Container type | JDR | RDX |
---|---|---|
Tuple | (1 2 3) | 70 0d00 69020002 69020004 69020006 |
Tuple (colons) | "Bob":"Smith"; | 70 0f00 730400426f62 730600536d697468 |
Linear container | [a b c] |
6c 0d00 74020061 74020062 74020063 |
Eulerians: sets and maps | {1.0 2 three} |
65 1200 660300fc0f 69020004 7406007468726565 |
Multiplexed containers | <14@Alice-232BLRh 52@Bob-232kLVg> | 78 1f00 690c0a10eeae5ff50a8300e6bc68 690e0c8a25b25bb5088300e9d9c20a1c |
Only some aspects of the format can be specified exhaustively, e.g. the formal grammar. Other aspects get manifested in human-language descriptions, test suites or code. Invariants are guarantees an implementation of the format provides to the end users. In case the spec omits an important detail, or maybe contradicts some invariant, then the spec will be amended to maintain that invariant.
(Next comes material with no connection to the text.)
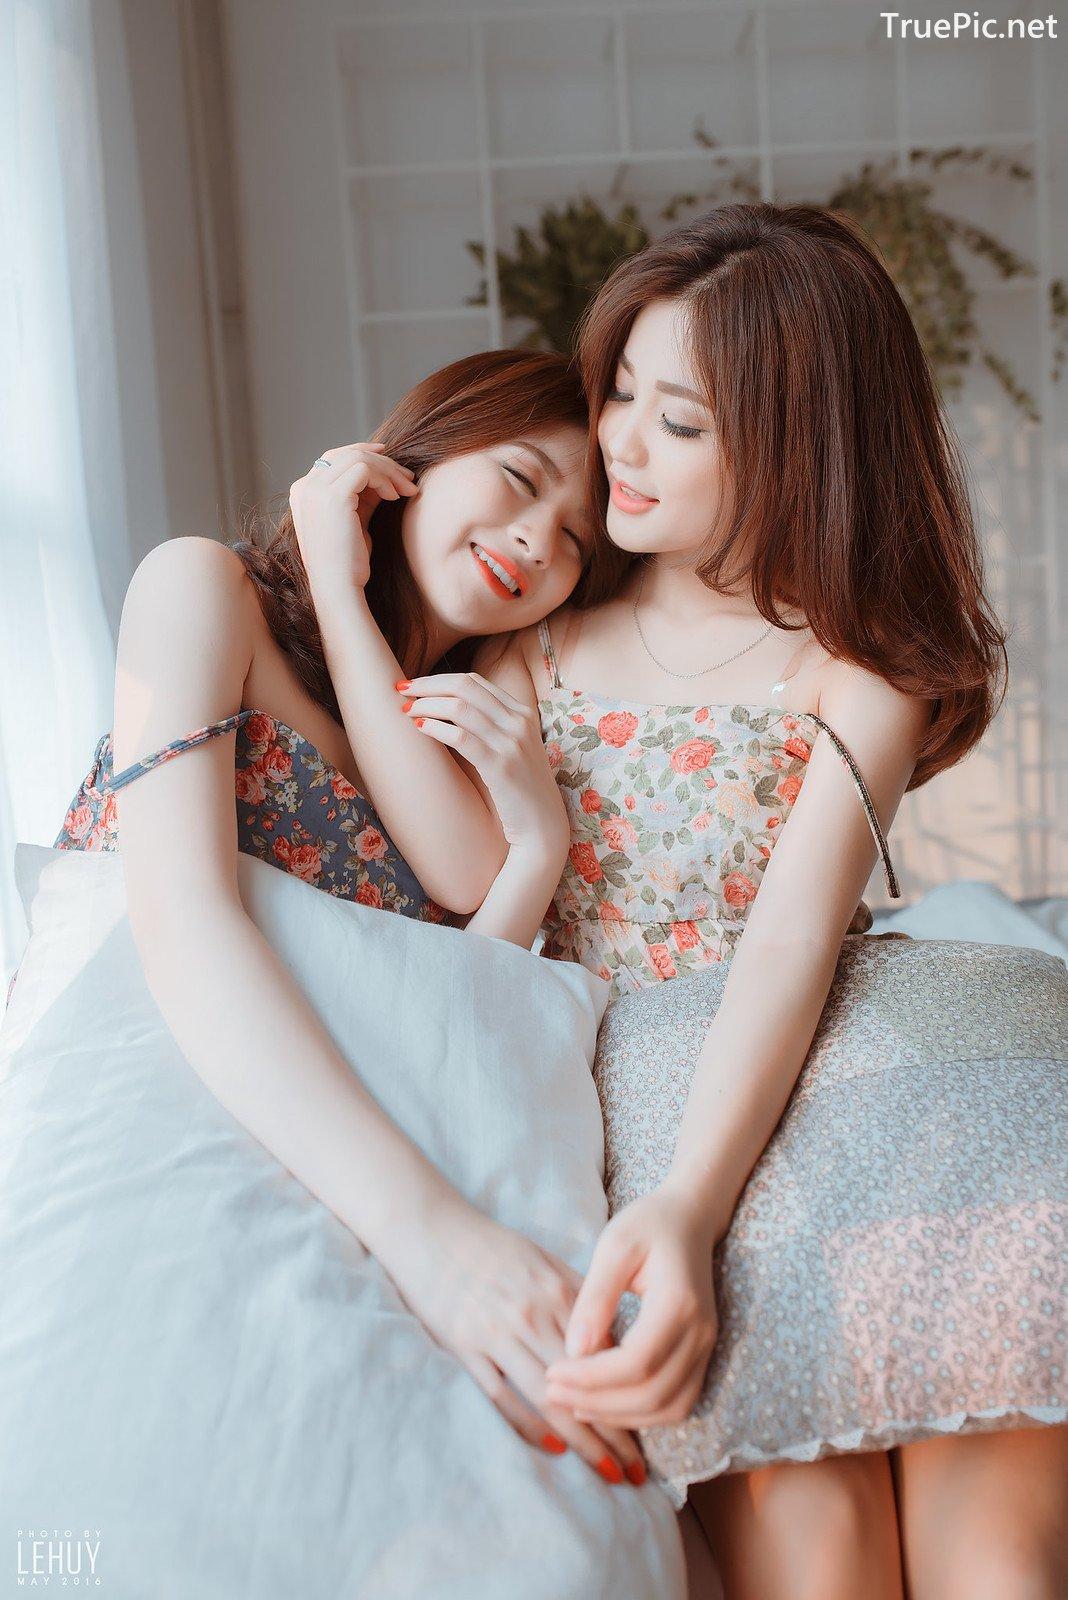 Image-Vietnamese-Hot-Girl-Photo-Beautiful-Twin-Sister-TruePic.net- Picture-4

For any valid JDR document J
, rdx(J) = rdx(jdr(rdx(J)))
, where rdx
is the
function parsing any valid text-based JDR into equivalent binary RDX and jdr
is the
opposite function rendering RDX in JDR. The =
operator is bitwise equality.
Note that there is only one rdx
, but the number of possible jdr
functions is
infinite, due to possible formatting variations: [1 2 3]
, [1,2,3]
, [1, 2, 3]
and so on.
For any valid RDX document R
, R = rdx(jdr(R))
.
Two round-trip invariants effectively manifest the perfect equivalence of RDX and JDR.
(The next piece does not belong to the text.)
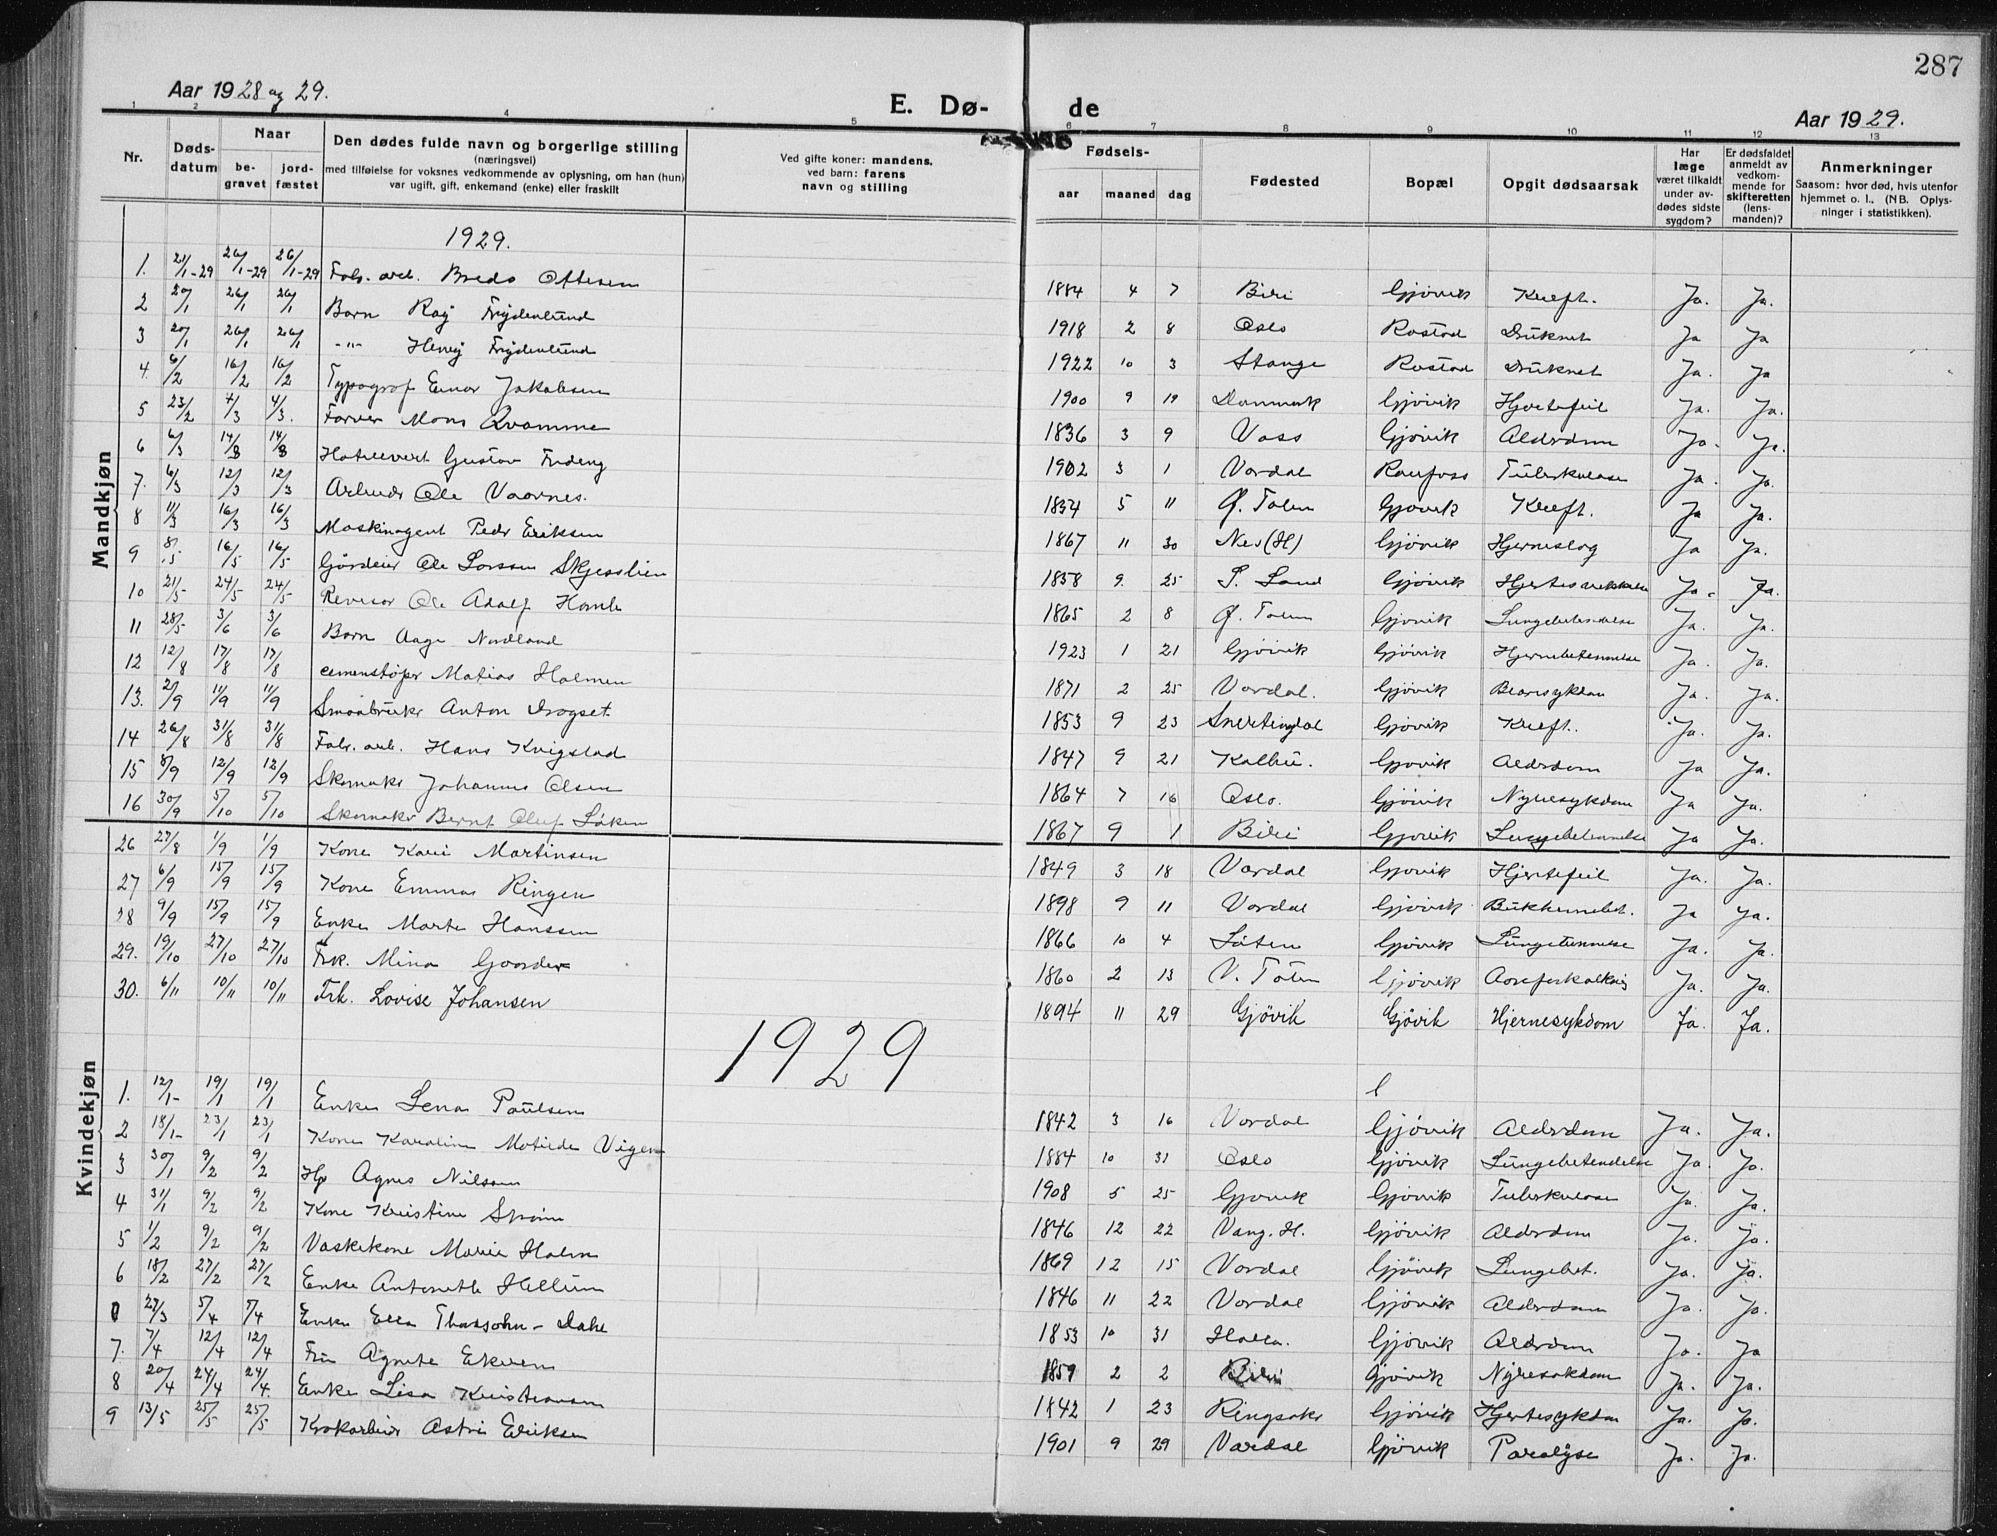 SAH, Vardal prestekontor, H/Ha/Hab/L0017: Klokkerbok nr. 17, 1922-1941, s. 287

For any valid RDX document R
, R + R = R
.
Here, +
is the merge function.
For example, when we merge {1 2 3}
and {1 2 3}
, the result is {1 2 3}
.
For any two valid RDX documents A
and B
, A + B = B + A
.
For example, {1 2} + {3} = {3} + {1 2} = {1 2 3}
.
For any two valid RDX documents A
, B
and C
, (A+B) + C = A + (B+C)
.
For any two valid RDX documents A
and B
there is always a difference document
D = B-A
so that |A + D| = |B|
. Here, ||
is metadata stripping,
i.e. the results are not strictly identical, but their user-perceived form
is the same (see below).
In fact, there might be an infinite number of such difference documents.
For example, if A=B
then D=0
or D=A
are both diffs.
So, we specifically denote the minimal possible diff doc which we call a patch
.
There are different ways to order elements in a container or to decide on the precedence of contending elements or revisions. Every such order is a less-equal-greater relation. In most cases, we use a stack of orders, so fallback orders can resolve ties.
- Type order:
PLEX
wins overFIRST
, otherwise alphabetical. - Source order: according to the source half of a timestamp.
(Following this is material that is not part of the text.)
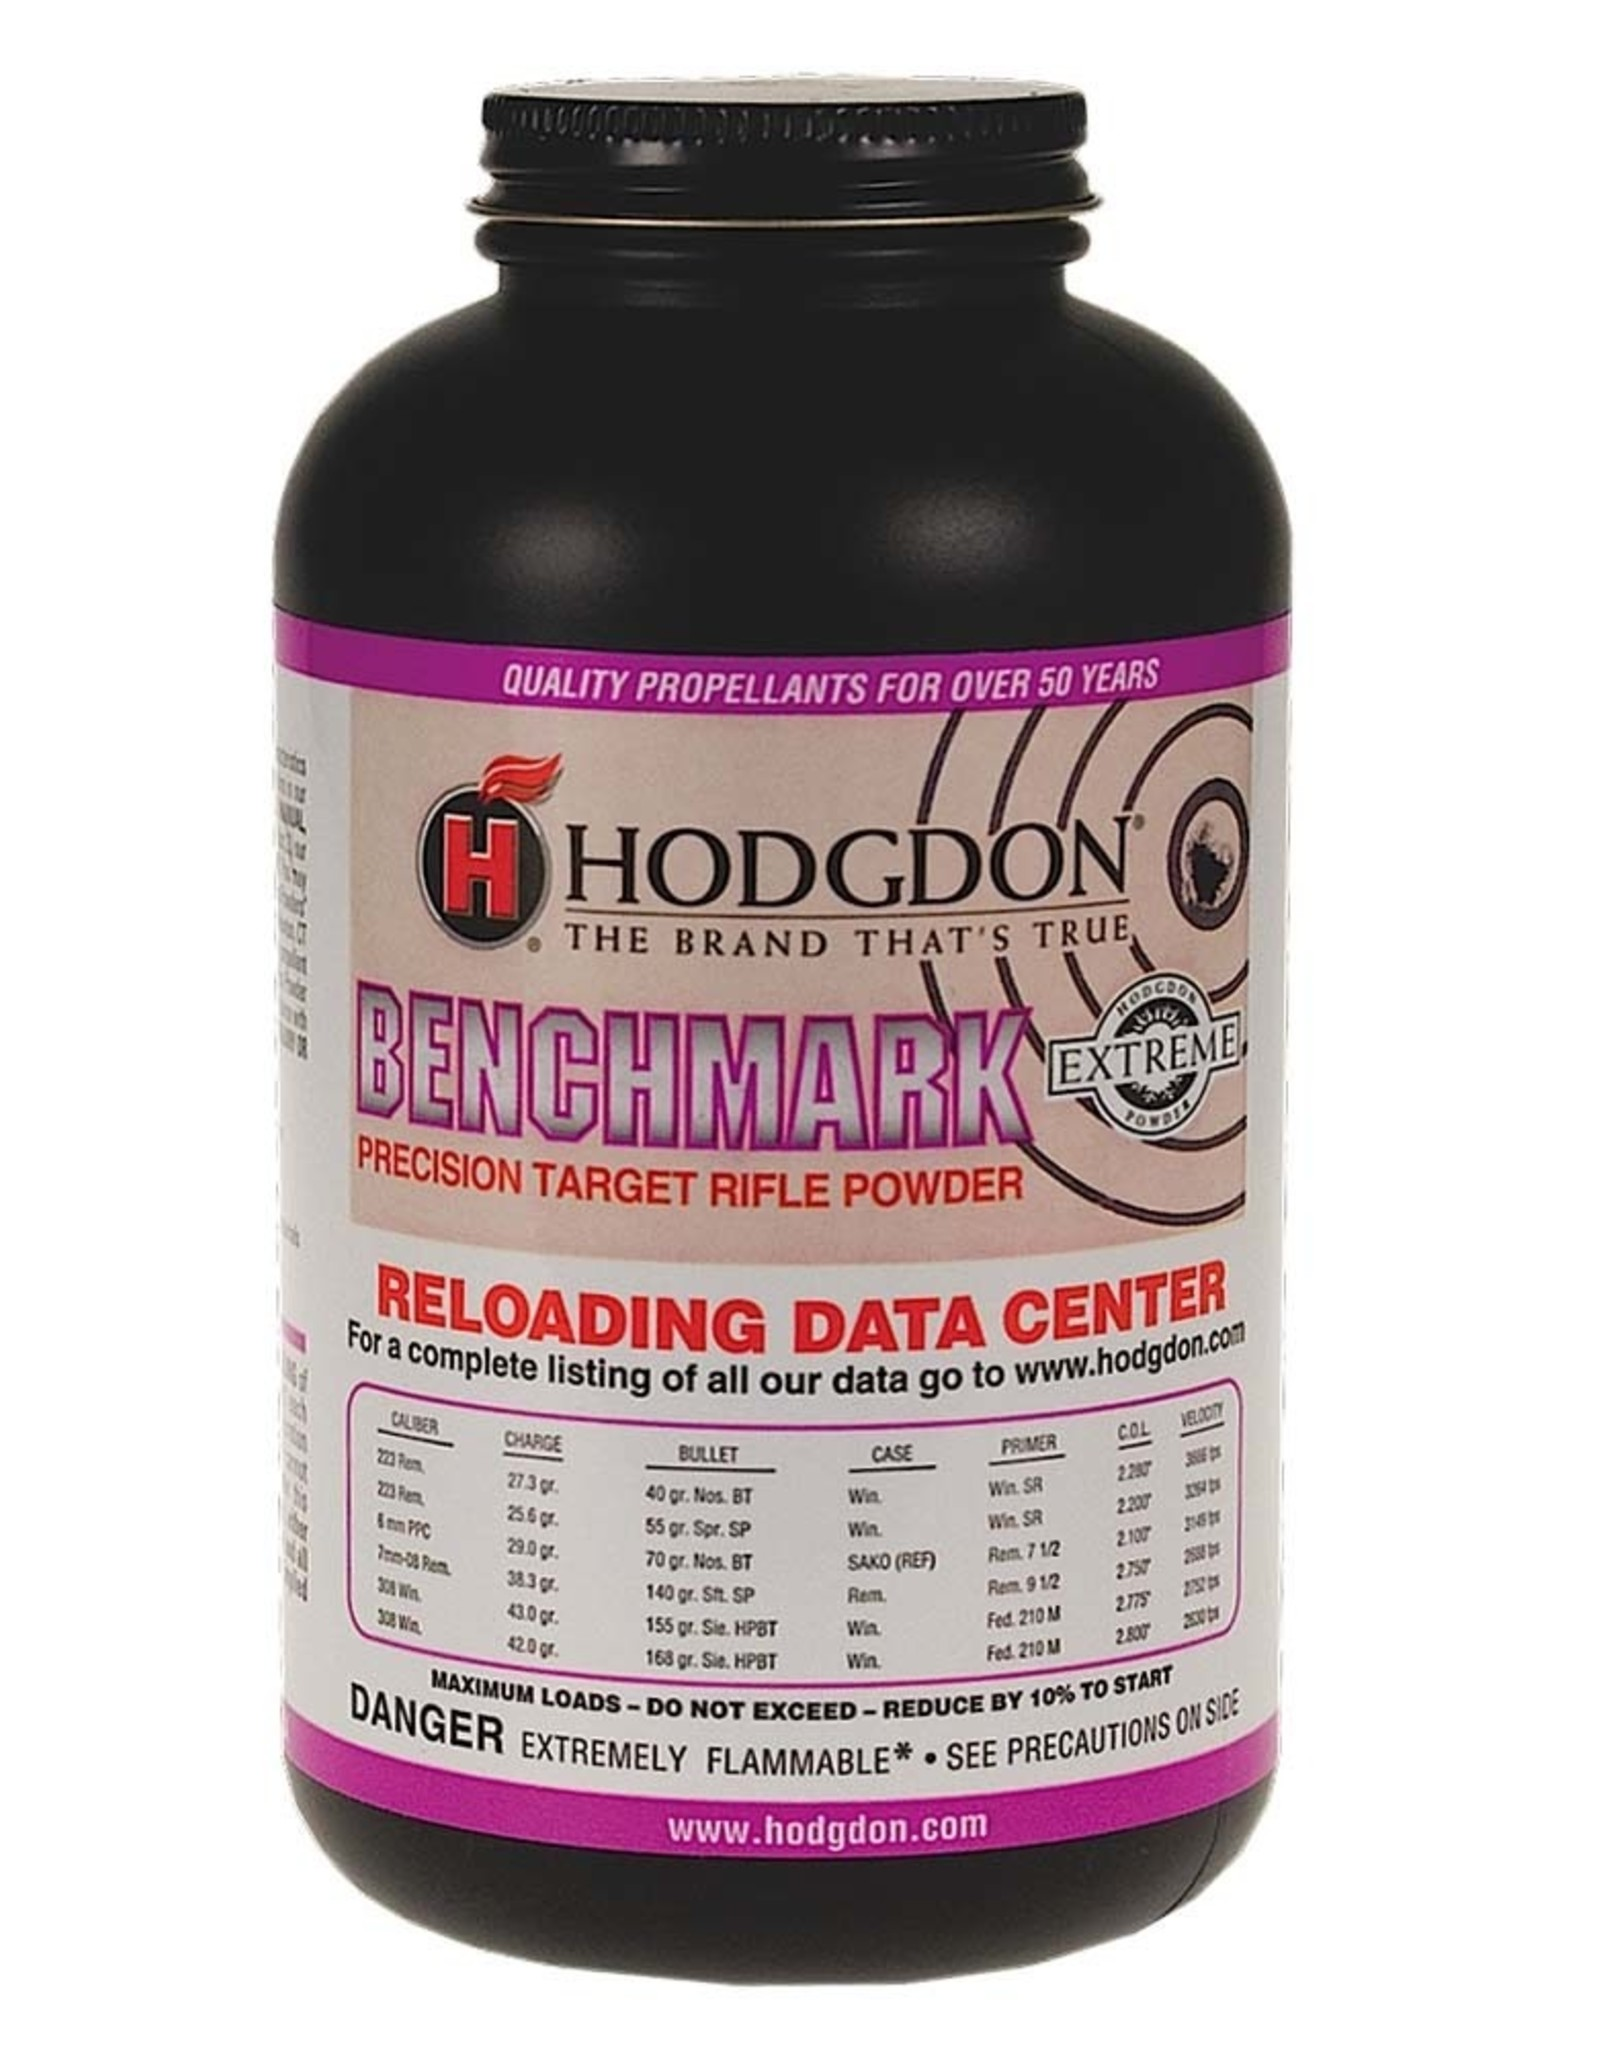 Hodgdon Hodgdon Benchmark Extreme Rifle

- Time order: according to the time half of a timestamp.
- Revision order: according to the revision part of a timestamp.
- Identity order: according to the timestamp, first the time part (but ignoring the revision) then the source part, then the type.
Value orders are only applicable for same-type elements:
- Float: normally,
- Integer: normally,
- Reference: time order then source order,
- String: string comparison, aka
strcmp()
, - Term:
strcmp()
, - PLEX: identity order.
This section covers various aspects of RDX/JDR in greater detail.
The logic of RDX merge has two main cases: merging elements contending for the same spot and merging collections containing multiple elements which potentially contend for a spot.
Same-spot merges are essentially last-write-wins. First, we look at the identity order. In case of a tie, those are different revisions of the same element. For PLEX elements, we recur into the elements doing collection merge. For FIRST elements, we use the value order to pick the winner. In case of a tie, we just have identical elements.
The merge of PLEX elements is essentially a generalization of merge sort. Elements within same-identity containers are sorted according to the same order. We do a parallel pass of the containers, mutually ordering non-contending elements, while for contending ones we do same-spot merge.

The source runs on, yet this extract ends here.